Her scream was really more of a shriek of horror and rage. It echoed throughout the House of Elrond, and indeed, some say it could be heard as far away as Bree...

*-*-*

Gimli son of Gloin woke to the most ungodly sound he'd ever heard. "What banshee is this?" he questioned (in his very cool Scottish accent ^_^) He of course felt no aftereffects what-so-ever from the exertions of the previous night. He hadn't even touched Elrond's' "wimpy wine". He'd drunk full dwarf spirits until he collapsed...as he always did. He'd never gotten ill before and he certainly wasn't about to start now.

Stroking his beard he resolved to see if these elves served proper breakfasts around here. He knew that they were highly untrustworthy and uncivilized of course, but he was sure he could find some sort of food...It was then that he noticed the mirror. He was certain that there hadn't been a mirror in his room before. He'd of course demanded a "proper" room, not those ridiculous fancy pansy places that the other guests had been housed in. And he was damned sure that there hadn't been a mirror in his room the night before. Curious he walked over to inspect this trickery.

And caught sight of himself.

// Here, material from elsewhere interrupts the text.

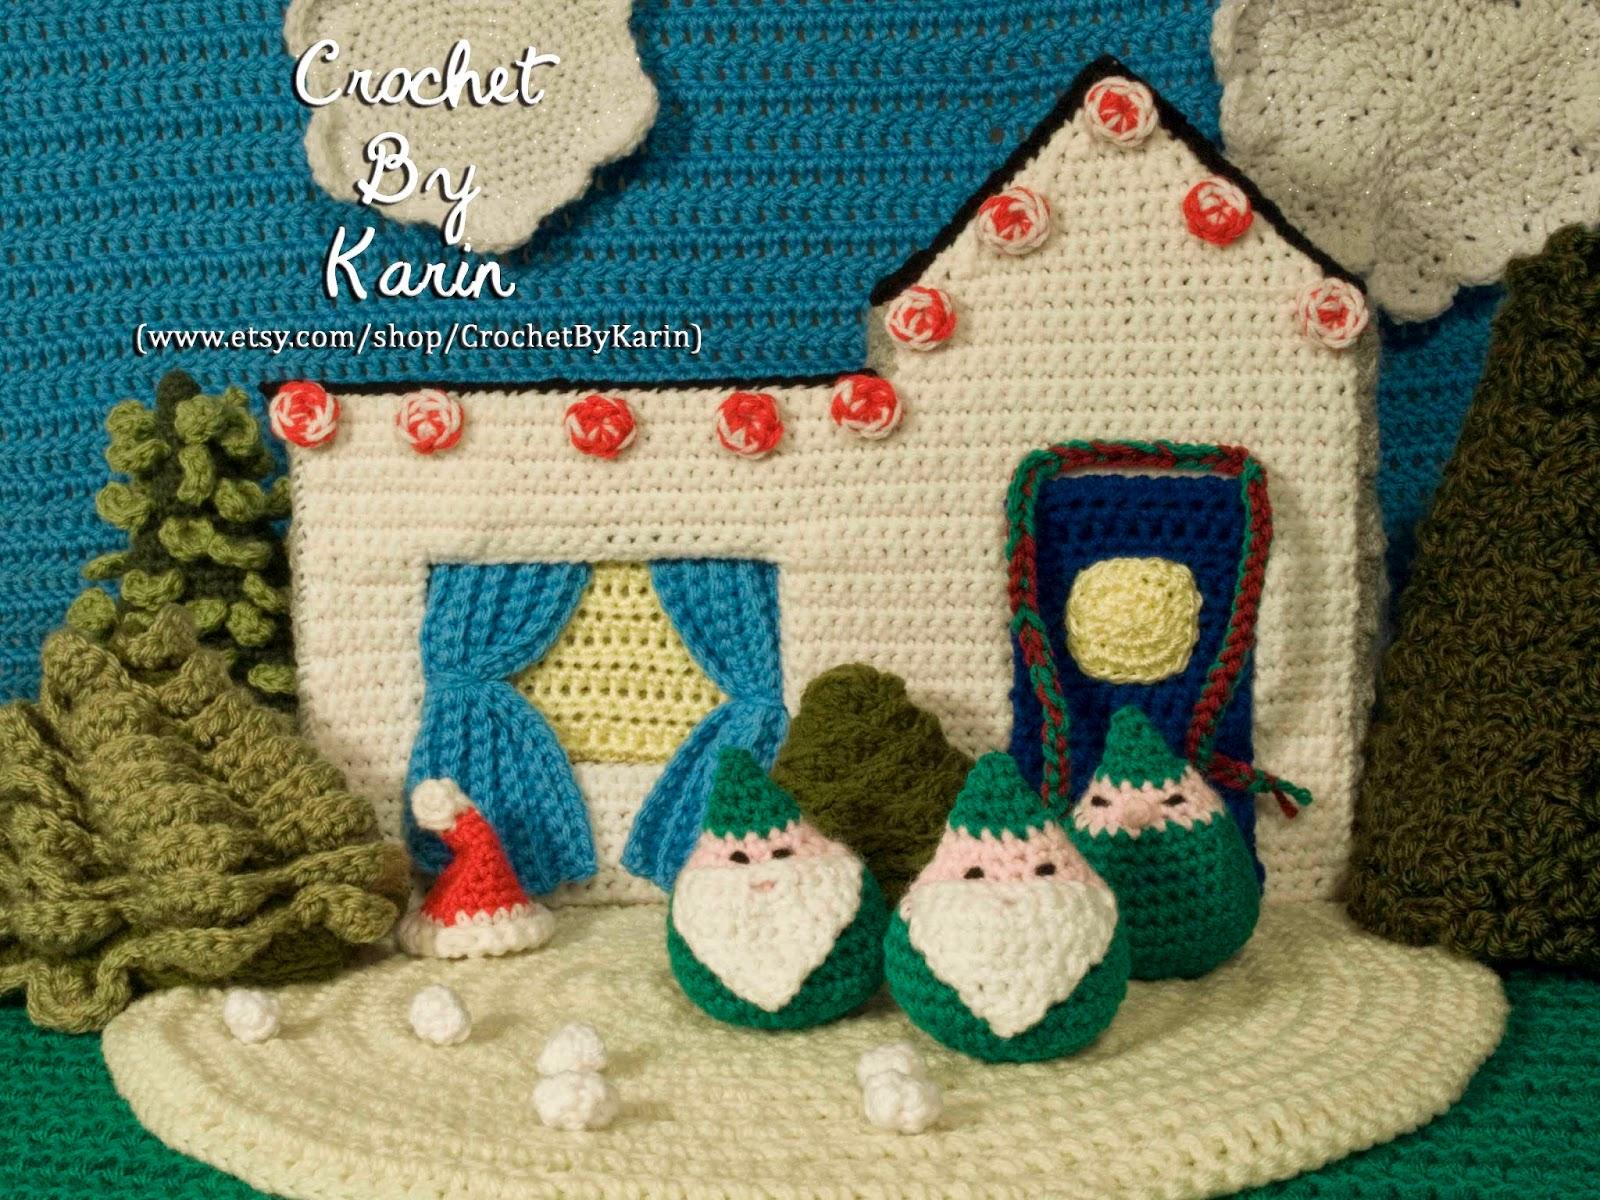 CrochetByKarin: Crochet Christmas Gnomes Smell Like Cookies

His hair and beard were both neon orange. His hair stuck straight up in the air on all angles. He had the word "Troll Doll" stamped on his forehead. Letting out a string of curses he reached for his trusty axe. Only to find that it wasn't leaning beside his bed where he thought it was. Nor did it seam to be anywhere in the room. In a fit of rage he tore the room apart until a glint caught his eye. He looked up. There on the ceiling above his head was his axe. It was fixed to the roof by some metallic silver like substance that he had never laid eyes on before. Reaching he found that when he jumped it was just out of his reach. Damn elves! They would pay for making a fool of Gimli son of Gloin!!! He let out a battle cry and stormed from his room.

*-*-*

Colleen, Marcie, and Kerri were also awakened by the shrill cry of the elf princess.

"Ye gods!" Kerri exclaimed, "What did you do to her Marcie?"

"Nothing...." but Marcie's innocent reply was belayed by the evil glint in her eyes. Colleen merely groaned from her place on the floor between Marcie and Kerri. The girls had found an empty unused storage room in the basements. It looked as though it hadn't even been opened in years, so they thought that they were unlikely to be discovered.

"Ack! Would you two shut up? I just got to sleep!"

"Sorry," Kerri apologized. "But did you hear Arwen's shriek? What did you do to her Marcie?" she questioned again.

"He he he." was the girl's only reply.

Kerri ran her hands through her short red hair in exasperation. "Aren't you going to tell us?" But further conversation was interrupted by a dwarven battle cry.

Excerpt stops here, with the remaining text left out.